„Die Anzeichen bleiben unbemerkt, weil wir sie mit Liebe verwechseln“

DIE ZEIT: Ihre Schwester Liliana Rivera Garza
ist die Protagonistin Ihres Romans. Als sie 1990 ermordet wurde, sprach man
noch nicht von „Femiziden“.

Cristina Rivera
Garza:
Liliana war 20 Jahre
alt und stand kurz vor dem Abschluss ihres Architekturstudiums, als sie am 16.
Juli 1990 ermordet wurde. Der mutmaßliche Täter, gegen den ein Haftbefehl
vorliegt, ist ihr Ex-Freund Ángel González Ramos. Etwa sechs Jahre lang waren
die beiden ein Paar. Im Verlauf der Beziehung wurde Ángel immer manipulativer,
eifersüchtiger und kontrollsüchtiger. Er drohte Liliana mit Suizid, sollte
sie ihn verlassen, griff sie verbal und schließlich auch körperlich an.
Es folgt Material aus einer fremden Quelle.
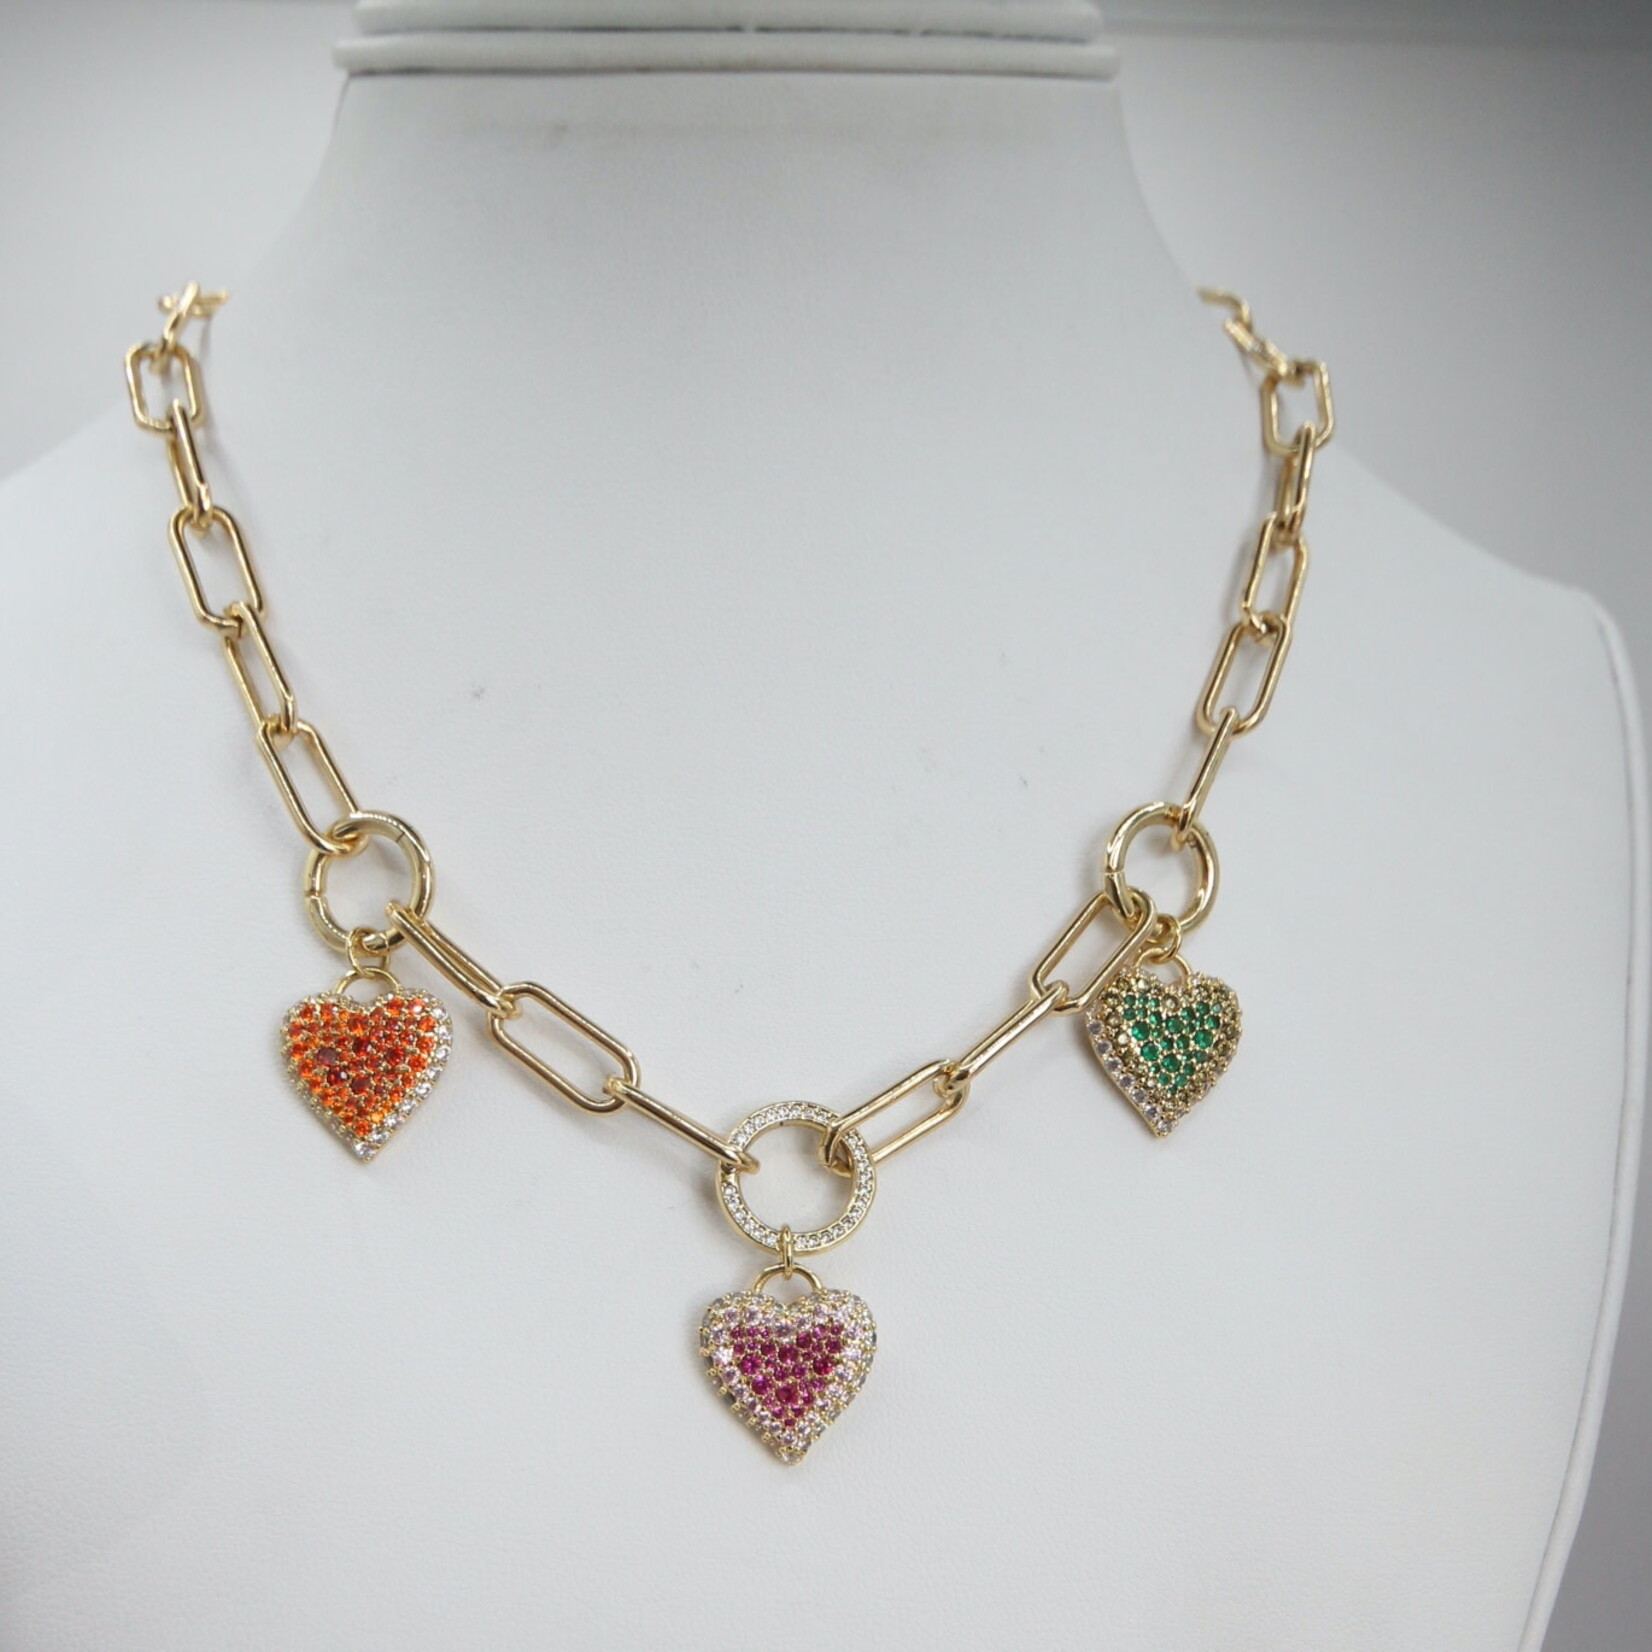 3 Heart Link Chain Gold Necklace
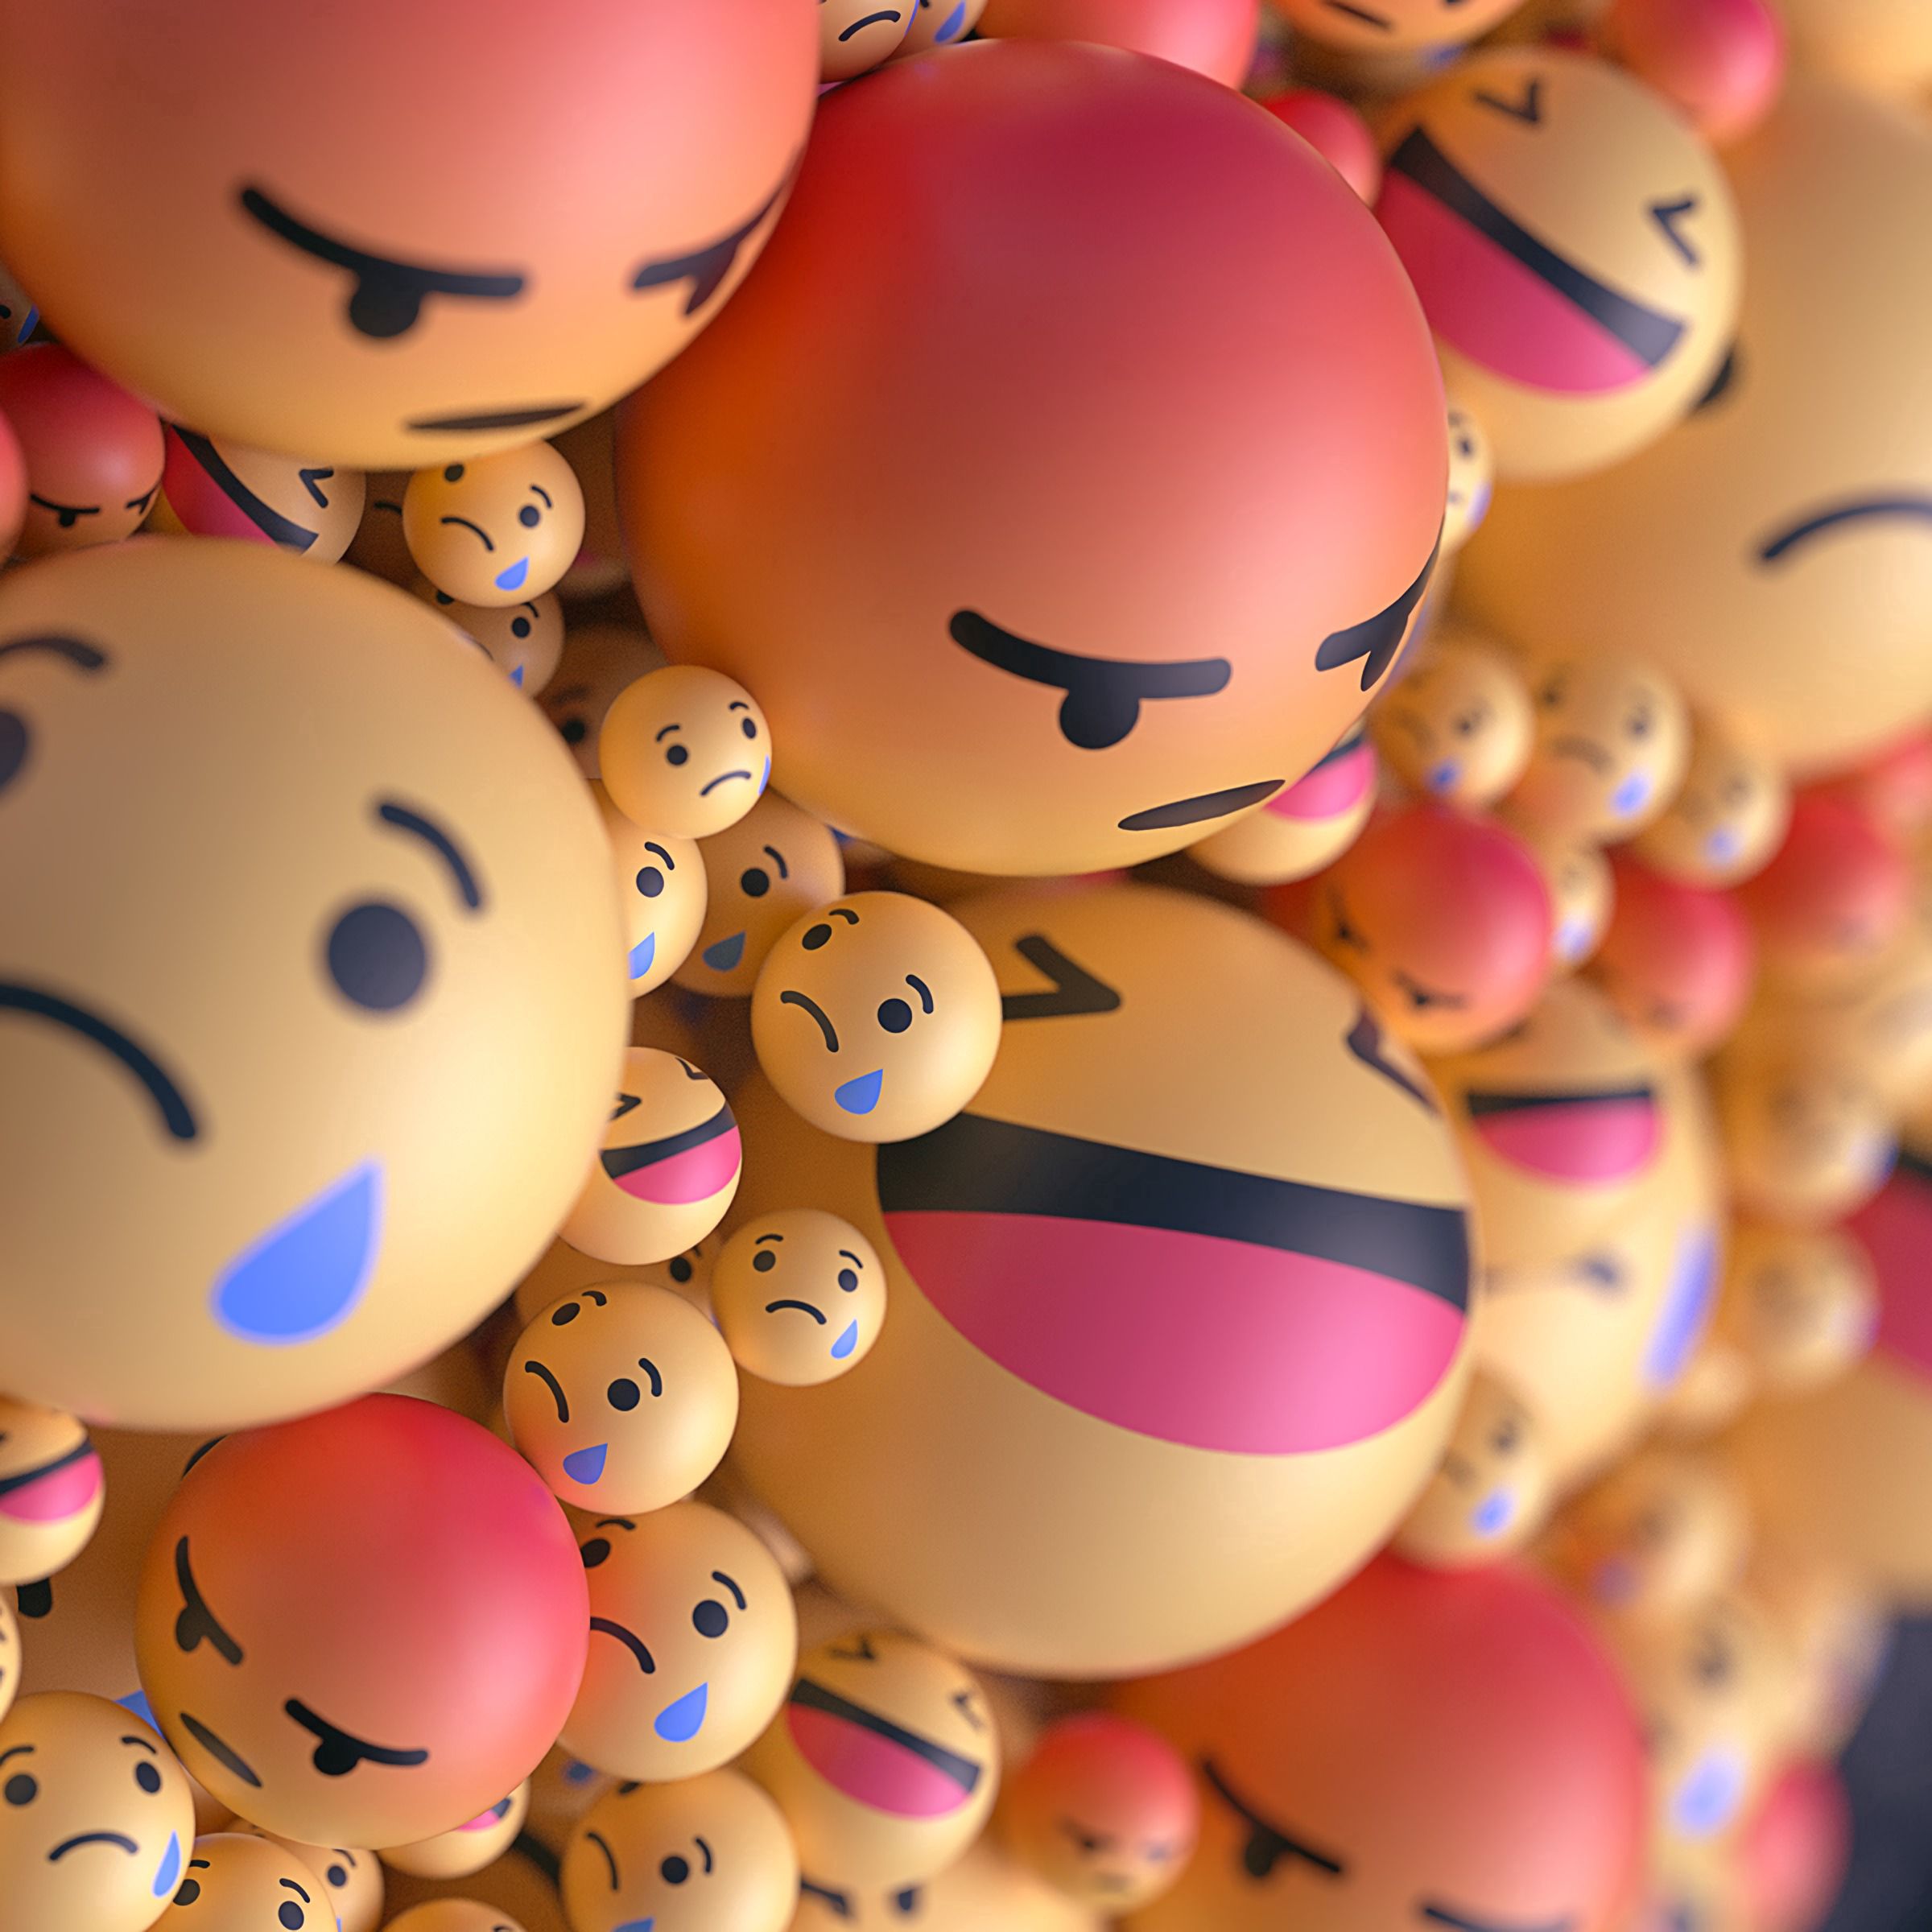 3d, emoticons, smiles, balloons, taw, smilies, smileys, emotions

Laut
den Aussagen der Nachbarn tauchte Lilianas Ex-Freund in den frühen
Morgenstunden uneingeladen in ihrer Wohnung auf und erstickte sie mit einem
Kissen. 

ZEIT: Wie wurde der Fall aufgenommen?

Rivera Garza: Ein Richter erließ einen
Haftbefehl, doch Ángel war geflohen. Bis heute ist er nicht verhaftet worden. Ich
habe bei den Behörden beantragt, den Mord rückwirkend als Femizid
einzustufen. Seit 2012 definiert das mexikanische Strafgesetzbuch Femizide als
Verbrechen an Frauen aufgrund ihres Geschlechts

ZEIT: 30 Jahre nach dem Tod Ihrer Schwester haben Sie beschlossen, einen Roman zu schreiben. Warum haben Sie so lange gewartet?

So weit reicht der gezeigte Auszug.